> [Input]:
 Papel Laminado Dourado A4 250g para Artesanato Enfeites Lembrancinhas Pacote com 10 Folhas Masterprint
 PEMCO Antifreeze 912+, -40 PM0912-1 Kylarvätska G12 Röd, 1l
...
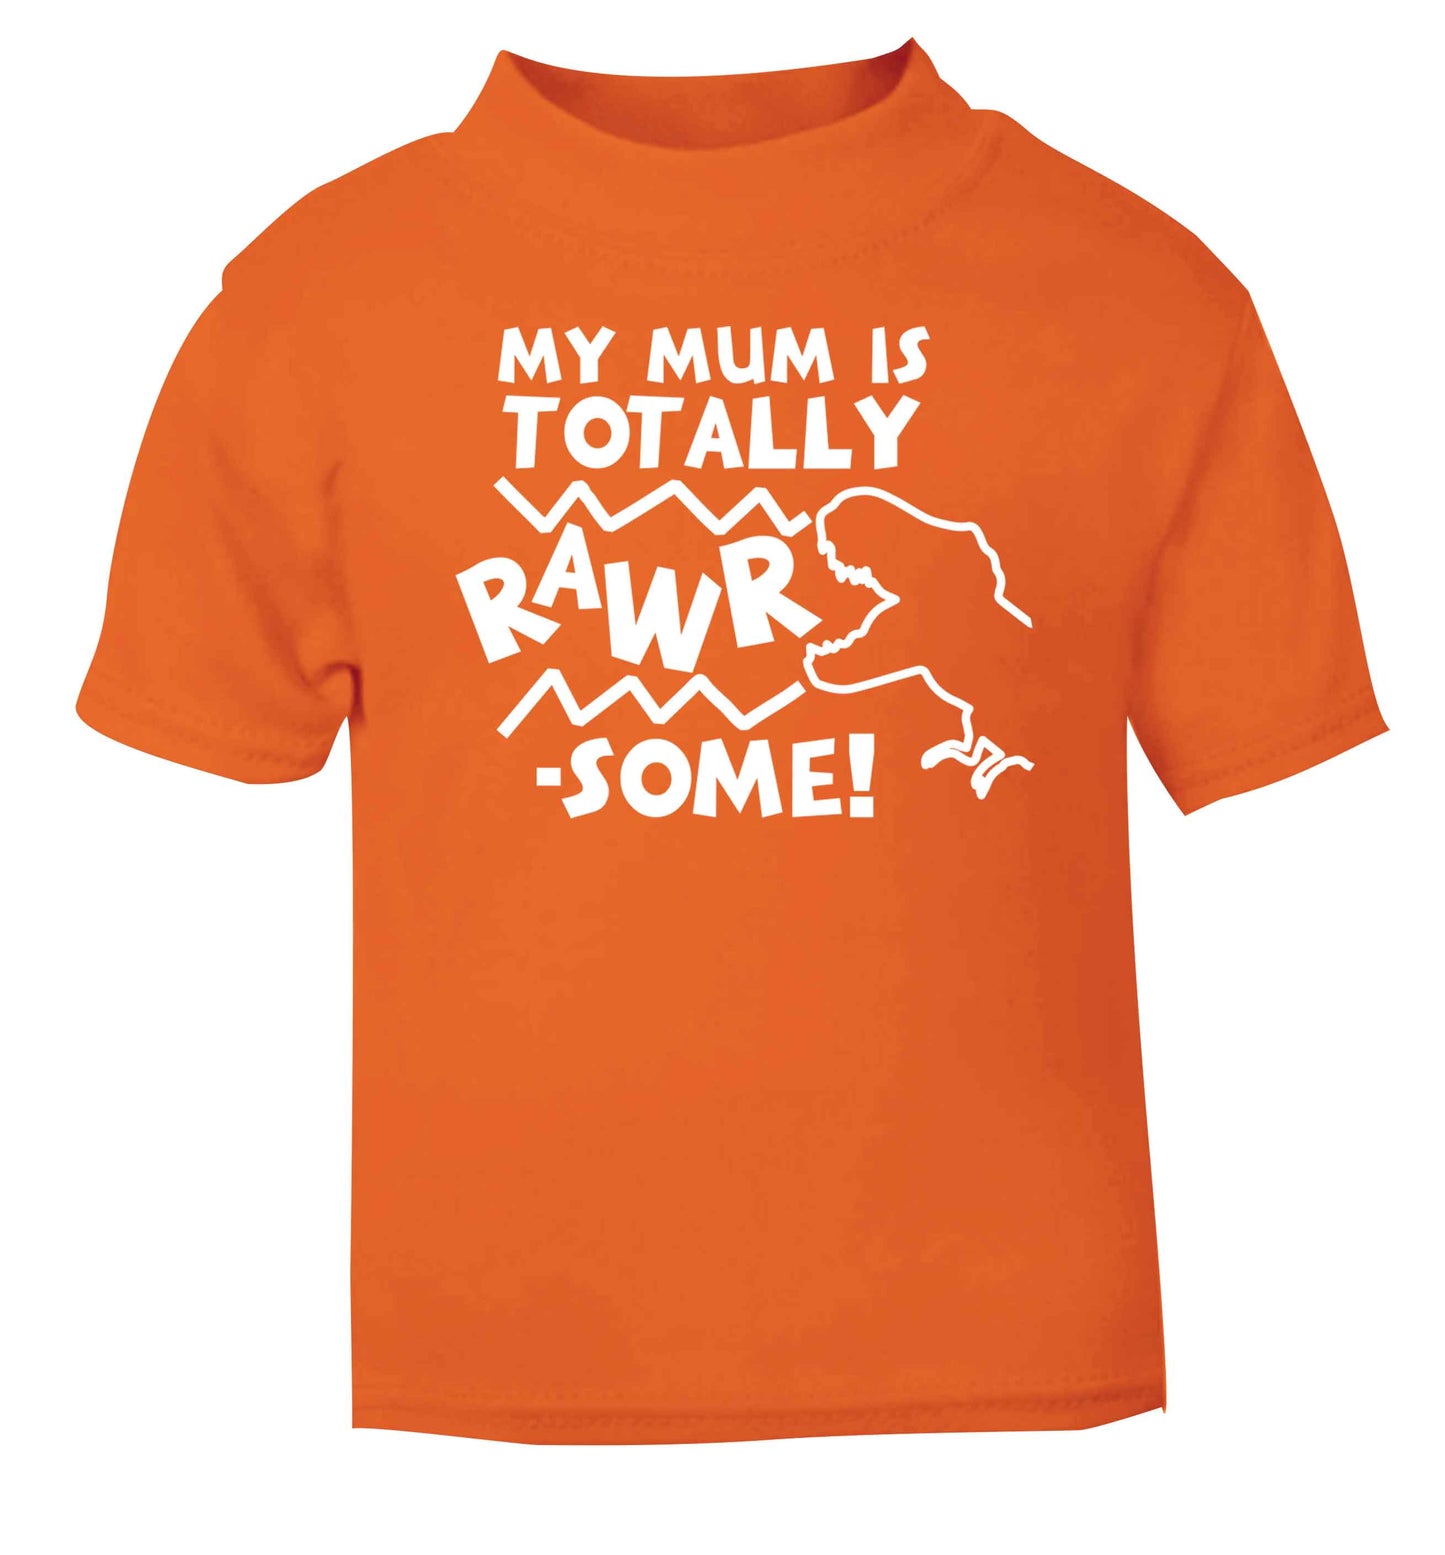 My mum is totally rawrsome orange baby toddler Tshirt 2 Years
--
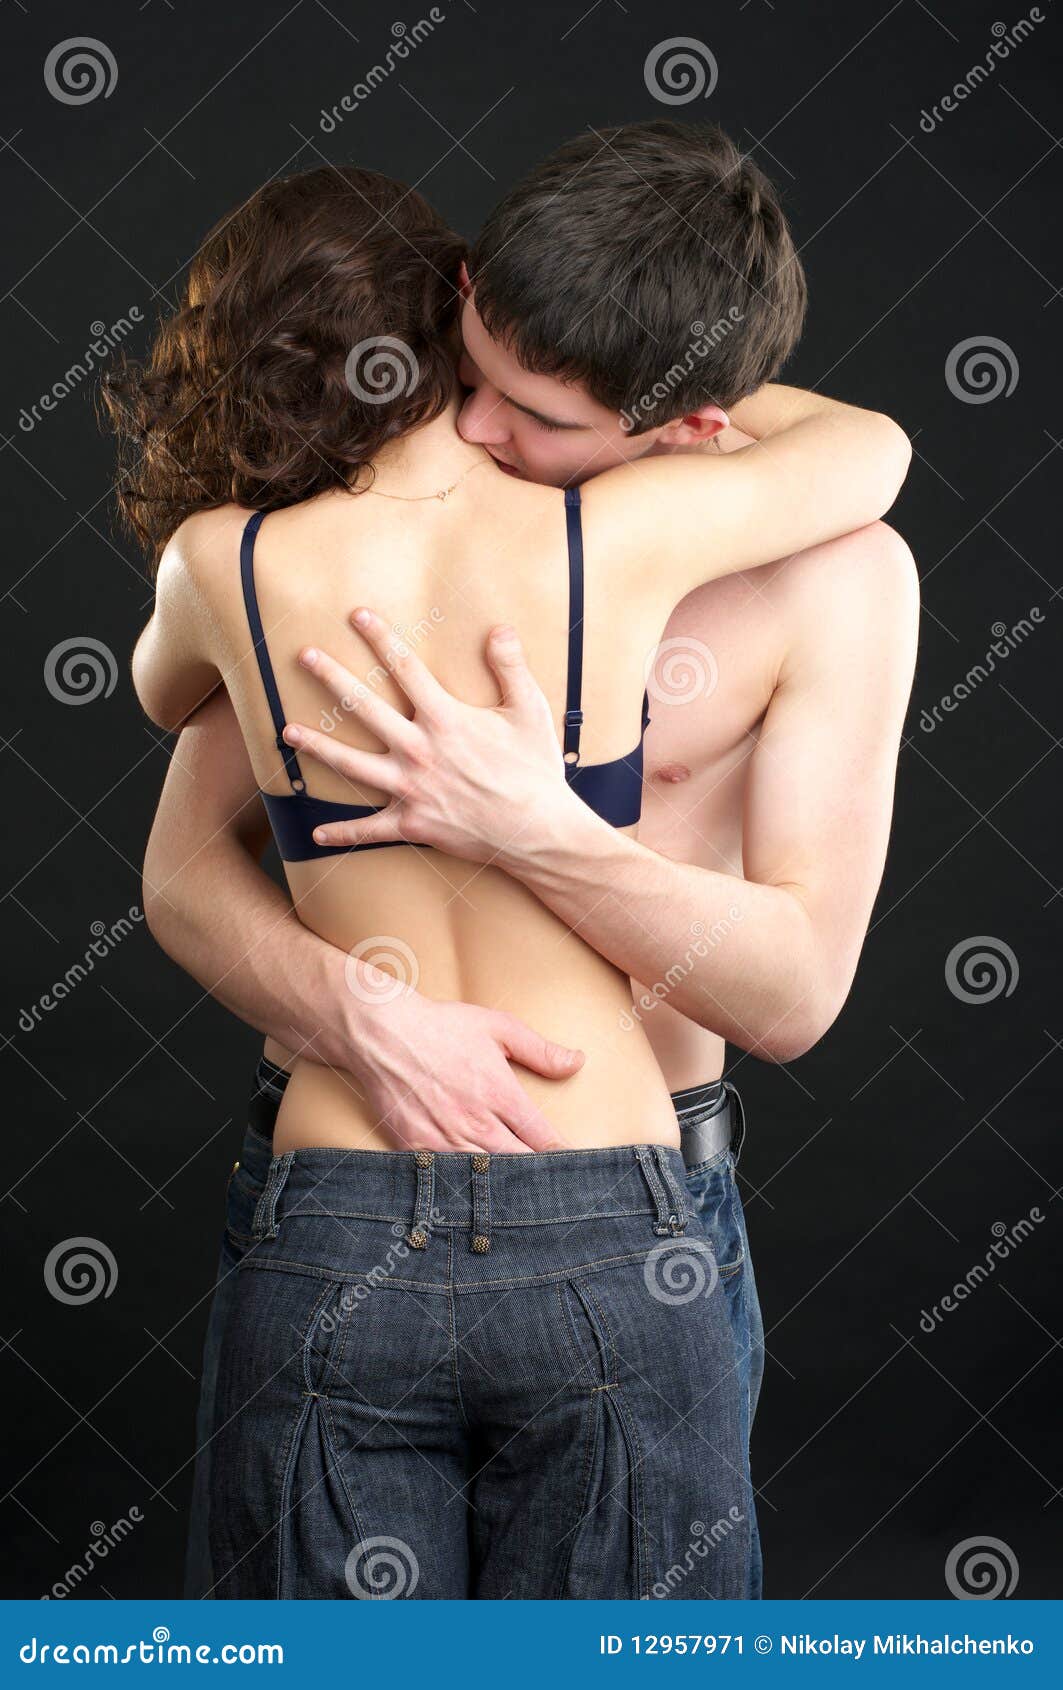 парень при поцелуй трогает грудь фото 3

> [Exercise aim]:
Reproduce exactly the lines of the records above from the one with "Papel Laminado Dourado" to the one with "PEMCO Antifreeze 912+, -40", both included, and leave out everything else.

> [Task result]:
 Papel Laminado Dourado A4 250g para Artesanato Enfeites Lembrancinhas Pacote com 10 Folhas Masterprint
 PEMCO Antifreeze 912+, -40 PM0912-1 Kylarvätska G12 Röd, 1l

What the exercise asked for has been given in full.